3. Create a variable file

vim vars/main.yml
backup_path: /App/backup
data_backup_center: "192.168.3.119"
nginx_logrotate_path: /data/nginx/nginx_logrotate
nginx_logrotate_path_json: /App/logs/nginx_logrotate
# the following three variables as the default value, because ansible - extra - vars was introduced into the highest priority of variable parameters, so - extra - vars to prevail, where to set the default value is to avoid extra - vars to null result in an error
today_date: "19700101"
yesterday_date: "19700101"
old_date: "19700101"
Copy the code

Among them:

  • Backup_path is our local unified backup directory.

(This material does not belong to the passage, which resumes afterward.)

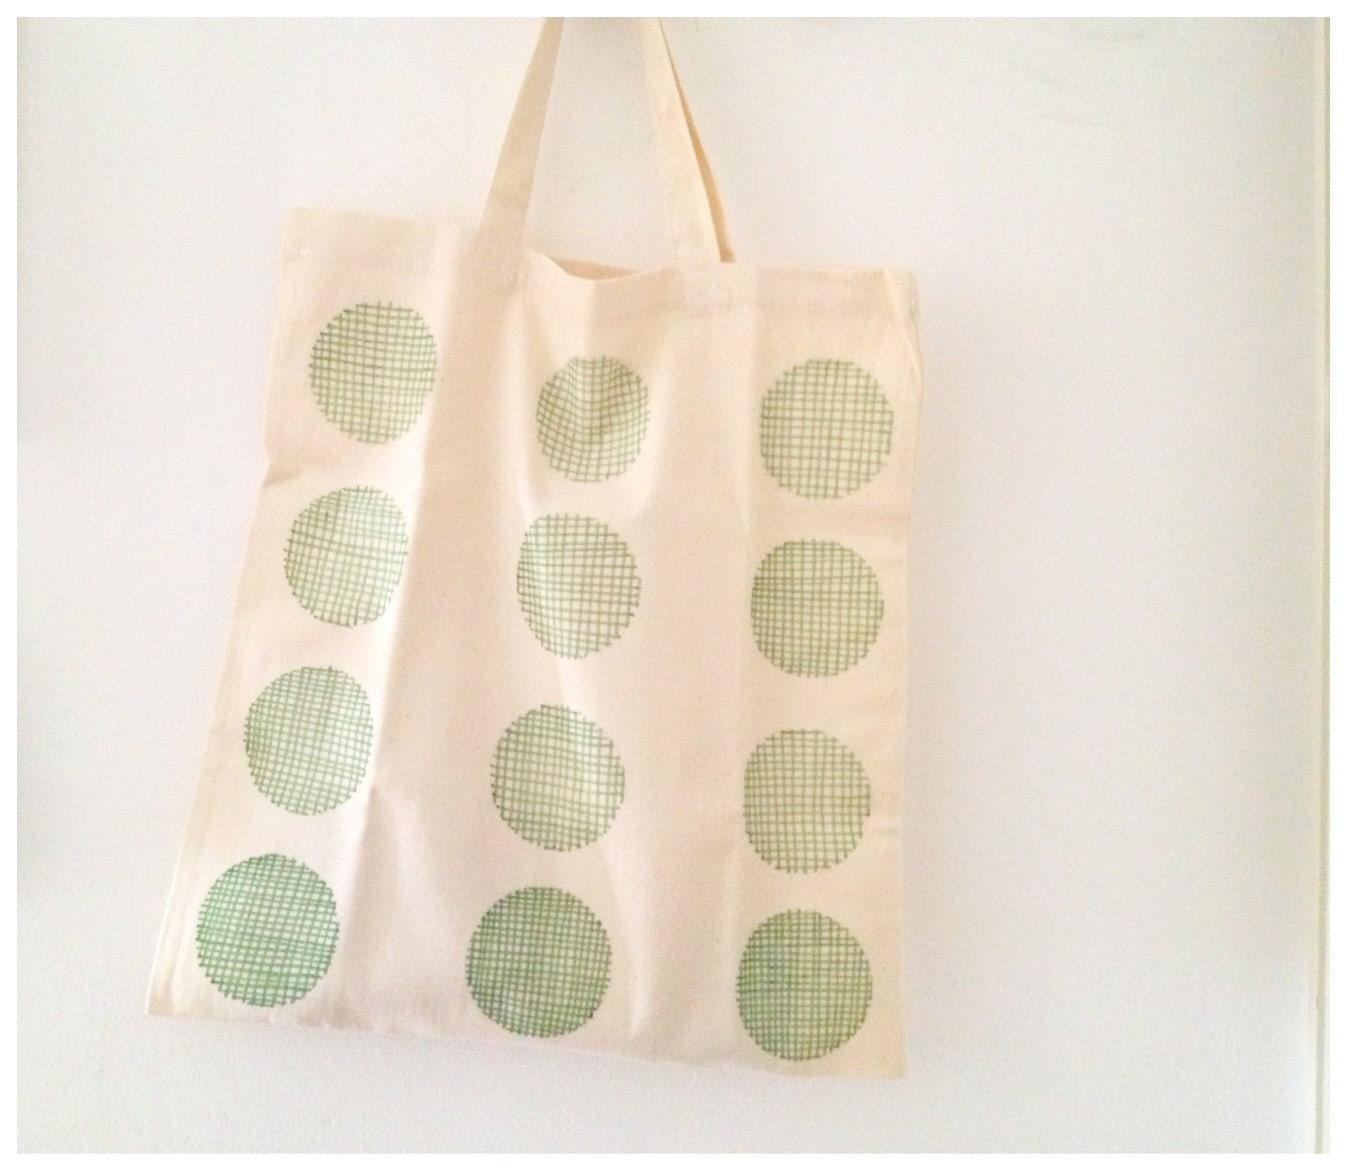 Cotton Tote Bag Green Geometric Tote Polka Dot Bag Eco Design - mipluseddesign

  • Data_backup_center is our remote backup center;

  • Nginx_logrotate is our nginx-related log directory;

  • Other variables that control the time the local backup is saved;

4. Create task files

# 1. Operating system-level configuration files
vim tasks/sys_conf.yml
# Back up configuration files related to each system
- name: backup system config file to {{ backup_path }}/{{ today_date }}/config
  command: chdir={{ backup_path }}/{{ today_date }}/config cp -rfv {{ item }} .
  ignore_errors: True
  with_items:
    - /etc/hosts
    - /etc/rc.d/rc.local
    - /etc/crontab
    - /var/spool/cron
    - /App/scripts
    - /etc/zabbix/zabbix_agentd.d
    - /opt/shell
    - /etc/profile
    
  # 2. Application level configuration asks for that
 vim  tasks/nginx_conf.yml
# to judge whether the machine to install nginx, if install nginx configuration file backup directory to the native backup directory, / usr/local/openresty/nginx for fixed installation path.
- name: Nginx installed or not
  stat: path=/usr/local/openresty/nginx/sbin/nginx
  register: nginx_results
- name: backup nginx config file to {{ backup_path }}/{{ today_date }}/config
  command: chdir={{ backup_path }}/{{ today_date }}/config cp -rfv /usr/local/openresty/nginx/conf ./nginx_conf
  when: nginx_results.stat.exists 
Copy the code

Above:

  • Since our operating systems are standardized, operating system-level configuration files can be backed up directly;
  • Different applications depend on different services, and application-level configuration files will be diversified. Therefore, we first judge whether the application exists according to the backup type, and then perform backup.

5. Implementation

# Check files
[root@test ansible]# ansible-playbook -C data_backup.yml
# Execute playBook, single backup
[root@test ansible]# ansible-playbook -e host_ip=10.10.2.1 data_backup.yml 
Script execution, batch backup
[root@test ansible]# bash ansible_all_data_backup.sh
Copy the code

conclusion

As backup types and sizes increase, a single backup center may become a backup bottleneck due to disk I/O and space problems. Therefore, backup needs to be planned in advance.